The American Trucking Associations (ATA) took the United States Department of Transportation (DOT) to task this week over DOT’s recent proposal calling for the requirement of electronic limiting of truck speeds.
This stems from a late August announcement from the DOT Secretary Anthony Foxx, when he announced that the National Highway Traffic Safety Administration (NHTSA) and Federal Motor Carrier Safety Administration (FMCSA) want to propose equipping heavy-duty vehicles with devices that limit their speeds on U.S. roadways.
Although the government is not saying exactly what the top speed of the governors would be, the proposed ruling would require those devices be set to a maximum speed. Foxx says the safety measure that could save lives and more than $1 billion in fuel costs each year.
The DOT proposal would establish safety standards requiring all newly manufactured U.S. trucks, buses, and multipurpose passenger vehicles with a gross vehicle weight rating more than 26,000 pounds to come equipped with speed limiting devices. The rule would not require retrofitting of older trucks.
The proposal discusses the benefits of setting the maximum speed at 60, 65, and 68 miles per hour. But Foxx said the DOT “will consider other speeds based on public input.”
Since 2006, ATA has adopted a policy in favor of limiting the maximum speed of new trucks to 68 miles per hour. Later that year, the ATA petitioned FMCSA and NHTSA to issue a regulation requiring their use. In 2008, as part of ATA’s 18-point highway safety agenda, the federation endorsed a national speed limit of 65 mph for all vehicles.
While the ATA was initially somewhat receptive to the DOT proposal in late August, calling proposed rule as “a potential step forward for safety,” it seems to have changed its tune.
ATA President and CEO Chris Spear said at the time that carriers who already voluntarily use speed limiters have found significant safety, as well as fuel efficiency and equipment lifespan benefits with little to no negative impact on productivity, adding that the ATA would be carefully reviewing and commenting upon today’s proposal.”
A few weeks later, ATA appears to be sticking with its ongoing stance of limiting the maximum speed of 68 miles per hour.

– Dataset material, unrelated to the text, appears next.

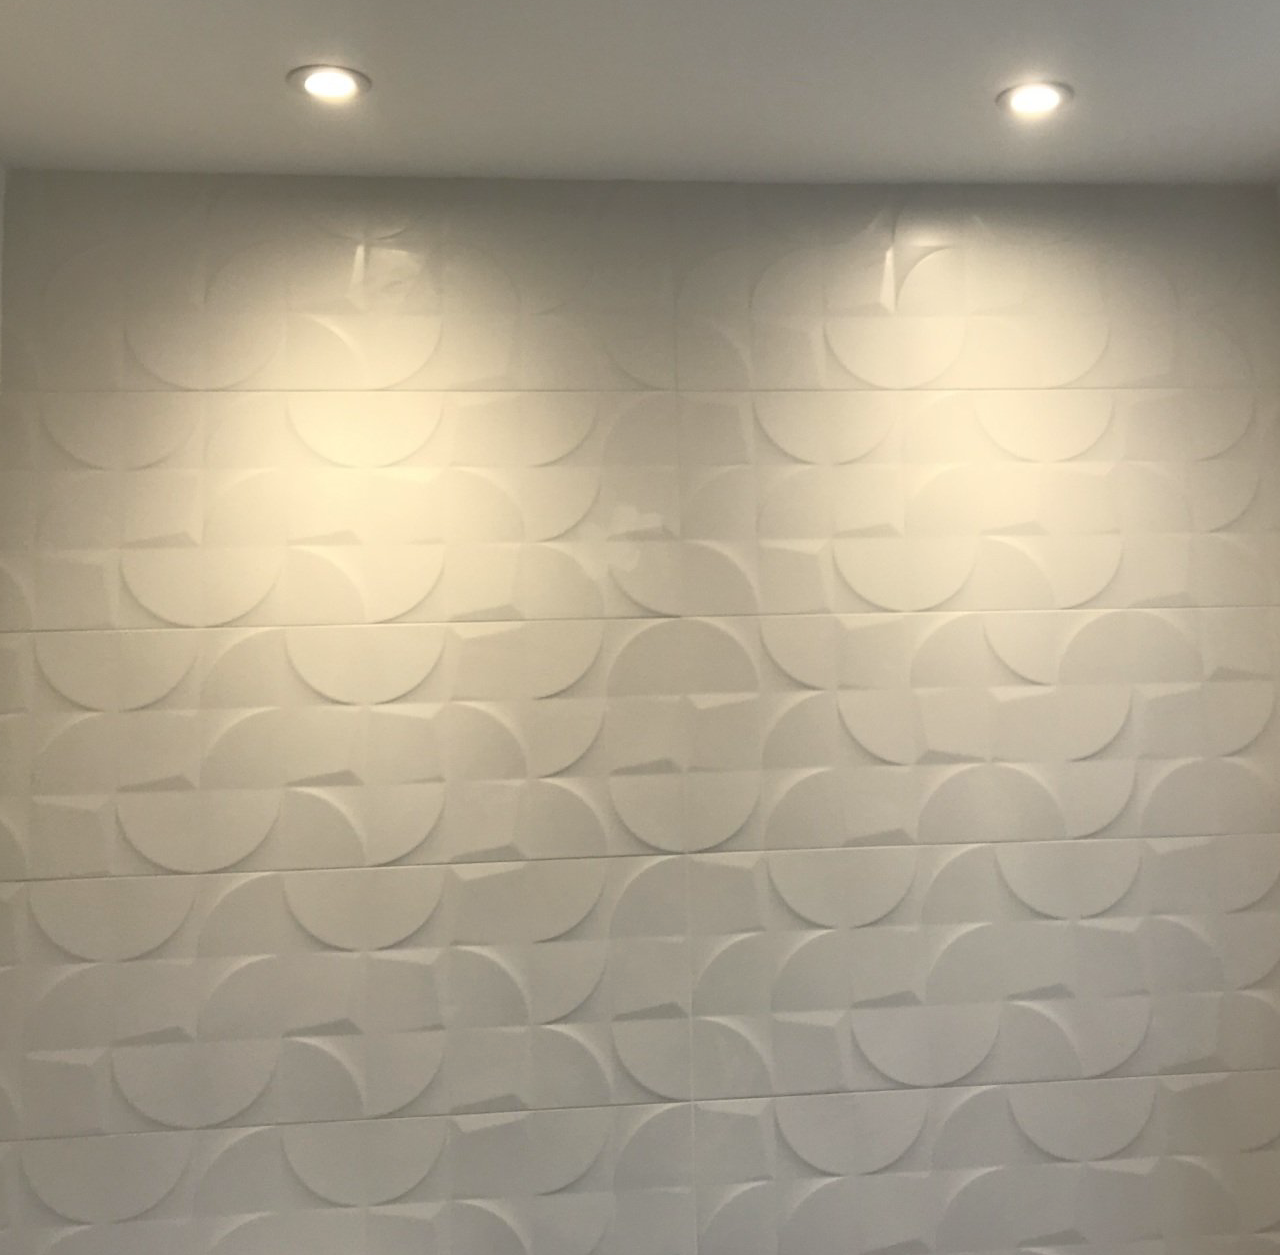 Textured Wall lighting - downlighting textured tiles

“After review and thorough, thoughtful consideration by its members at its recent board meeting, ATA is preserving our pro-safety policy on speed limiters, set forth in our 2006 petition to the U.S. Department of Transportation,” Spear said in a statement. “Despite ATA's decade-old, pro-safety policy on speed, the new joint rulemaking from the National Highway Traffic Safety Administration and Federal Motor Carrier Administration proposes a menu of three speed options for commercial trucks, not one. It provides insufficient data, and fails to make a recommendation regarding which of the three proposed speeds it believes is best and why. Most disconcerting is the fact that DOT's new rulemaking does not address the differentials in speed that would exist between any of the three proposed national speed limits for trucks and the speed laws of multiple states – allowing passenger vehicles to travel at much higher speeds than commercial trucks. This lack of data and direction only elevates the safety risks to the motoring public. A mandate for a one-size-fits-all speed limiter will squelch innovation in technologies to enhance safety and accommodate not only highways, but potentially secondary roads and beyond.”

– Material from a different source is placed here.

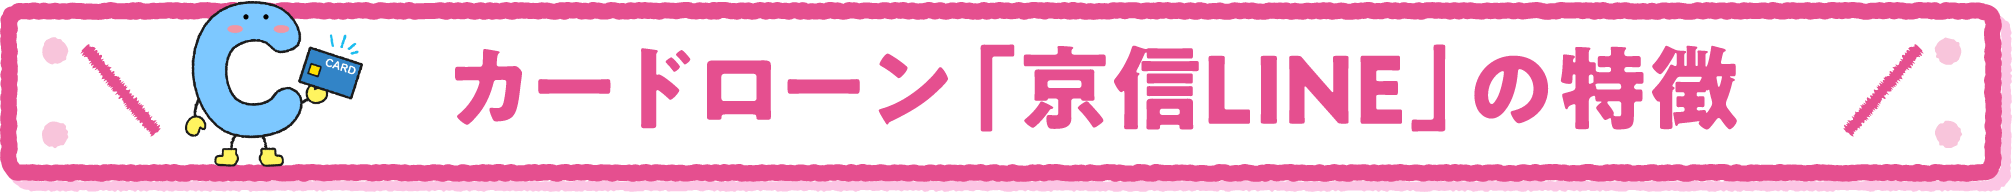 カードローン「京信LINE」の特徴

In early September, the ATA and several state trucking associations penned a letter to DOT Secretary Foxx, asking for a 30-day extension to the public comment period to allow more time to solicit member views on the rulemaking and assemble data that underscores the associated risks the rulemaking would have on safety.
The letter explained that in the nearly ten years since ATA concurrently petitioned NHTSA and FMCSA for action on this issue, much has changed in vehicle and motor carrier safety, with various useful safety technologies having been deployed and adopted, while motor carriers have endured greater scrutiny over regulatory compliance with CSA program and the pending rollout of electronic logging devices.
“These developments, along with new state laws and speed limits, have changed the way motor carriers view and respond to safety concerns,” the letter stated. “In addition, the proposed rule’s dramatic departure from ATA’s initial petition in terms of tamper proofing, the lack of a retrofit requirement, and the Agencies’ reluctance to specify a governed speed requires additional time for ATA and its federation partners to reengage membership on these important issues.”
At the FTR conference in Indianapolis last month, Schneider CEO Mark Rourke said that his company’s fleet has been utilizing speed limiters for 7 years, while seeing an increase in fuel economy and a reduction in crashes.